Diversification Opportunities for Science Applications and Information Services

-0.74
  Correlation Coefficient

Pay attention - limited upside

The 3 months correlation between Science and Information is -0.74. Overlapping area represents the amount of risk that can be diversified away by holding Science Applications Internati and Information Services Group in the same portfolio, assuming nothing else is changed. The correlation between historical prices or returns on Information Services and Science Applications is a relative statistical measure of the degree to which these equity instruments tend to move together. The correlation coefficient measures the extent to which returns on Science Applications International are associated (or correlated) with Information Services. Values of the correlation coefficient range from -1 to +1, where. The correlation of zero (0) is possible when the price movement of Information Services has no effect on the direction of Science Applications i.e., Science Applications and Information Services go up and down completely randomly.

Pair Corralation between Science Applications and Information Services

Given the investment horizon of 90 days Science Applications International is expected to generate 0.83 times more return on investment than Information Services. However, Science Applications International is 1.21 times less risky than Information Services. It trades about -0.01 of its potential returns per unit of risk. Information Services Group is currently generating about -0.04 per unit of risk. If you would invest  12,315  in Science Applications International on September 25, 2024 and sell it today you would lose (1,204) from holding Science Applications International or give up 9.78% of portfolio value over 90 days.
Time Period3 Months [change]
DirectionMoves Against 
StrengthWeak
Accuracy100.0%
ValuesDaily Returns

Science Applications Internati  vs.  Information Services Group

 Performance 
       Timeline  
Science Applications 

Risk-Adjusted Performance

0 of 100

 
Weak
 
Strong
Very Weak
Over the last 90 days Science Applications International has generated negative risk-adjusted returns adding no value to investors with long positions. In spite of inconsistent performance in the last few months, the Stock's forward indicators remain rather sound which may send shares a bit higher in January 2025. The latest tumult may also be a sign of longer-term up-swing for the firm shareholders.
Information Services 

Risk-Adjusted Performance

5 of 100

 
Weak
 
Strong
Modest
Compared to the overall equity markets, risk-adjusted returns on investments in Information Services Group are ranked lower than 5 (%) of all global equities and portfolios over the last 90 days. Despite fairly weak forward indicators, Information Services may actually be approaching a critical reversion point that can send shares even higher in January 2025.

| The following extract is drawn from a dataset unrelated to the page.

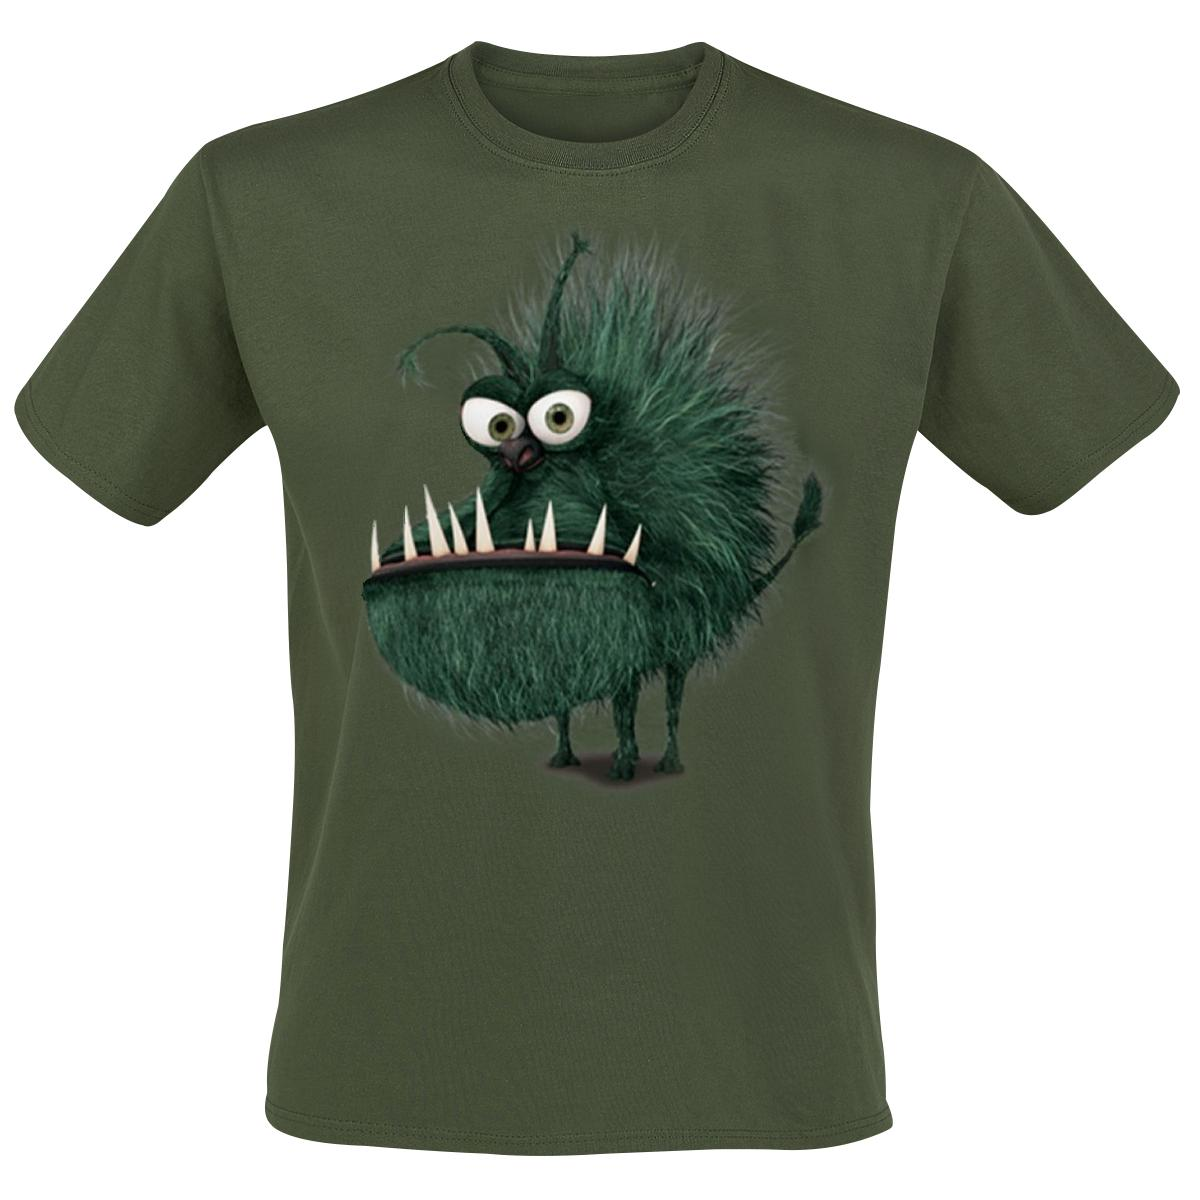 Kyle T-shirt Design tee

Science Applications and Information Services Volatility Contrast

   Predicted Return Density   
       Returns  

Pair Trading with Science Applications and Information Services

The main advantage of trading using opposite Science Applications and Information Services positions is that it hedges away some unsystematic risk. Because of two separate transactions, even if Science Applications position performs unexpectedly, Information Services can make up some of the losses. Pair trading also minimizes risk from directional movements in the market. For example, if an entire industry or sector drops because of unexpected headlines, the short position in Information Services will offset losses from the drop in Information Services' long position.
The idea behind Science Applications International and Information Services Group pairs trading is to make the combined position market-neutral, meaning the overall market's direction will not affect its win or loss (or potential downside or upside). This can be achieved by designing a pairs trade with two highly correlated stocks or equities that operate in a similar space or sector, making it possible to obtain profits through simple and relatively low-risk investment.
Check out your portfolio center.
Note that this page's information should be used as a complementary analysis to find the right mix of equity instruments to add to your existing portfolios or create a brand new portfolio. You can also try the USA ETFs module to find actively traded Exchange Traded Funds (ETF) in USA.